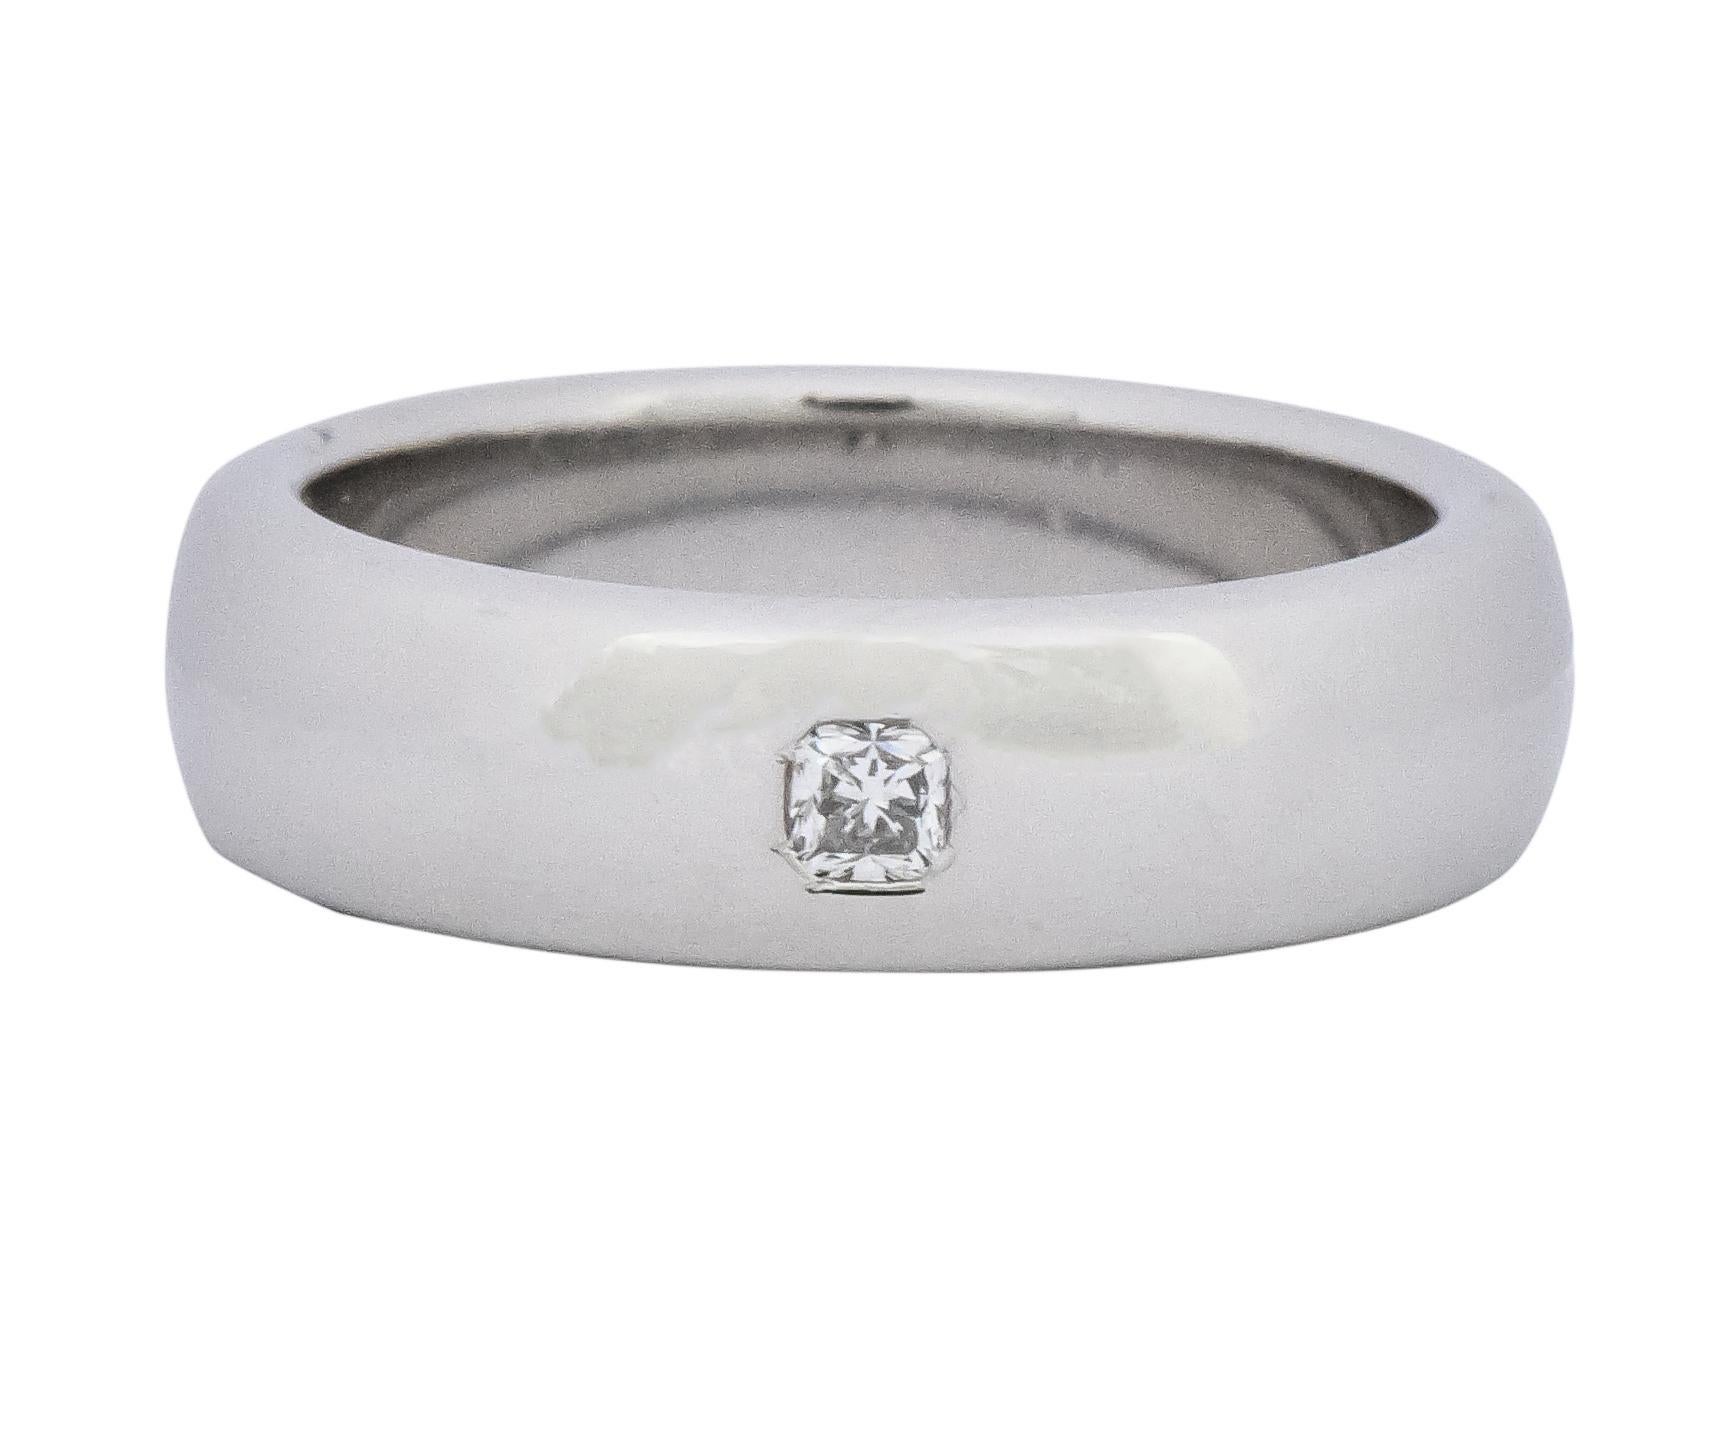 Wide band centering a Lucida cut diamond weighing approximately 0.20 carat, G color and VS clarity

Flush set in a high polished platinum band

Fully signed Tiffany & Co. Lucida, Pat. 5970744 et al, and stamped PT 950

Ring Size: 8 (complimentary
____________
▶ [TASK PROMPT]:
Restate exactly each line of the data from the one bearing "Flush set in a high polished platinum band" to the end, and add nothing.

▶ [ANSWER BOX]:
Flush set in a high polished platinum band

Fully signed Tiffany & Co. Lucida, Pat. 5970744 et al, and stamped PT 950

Ring Size: 8 (complimentary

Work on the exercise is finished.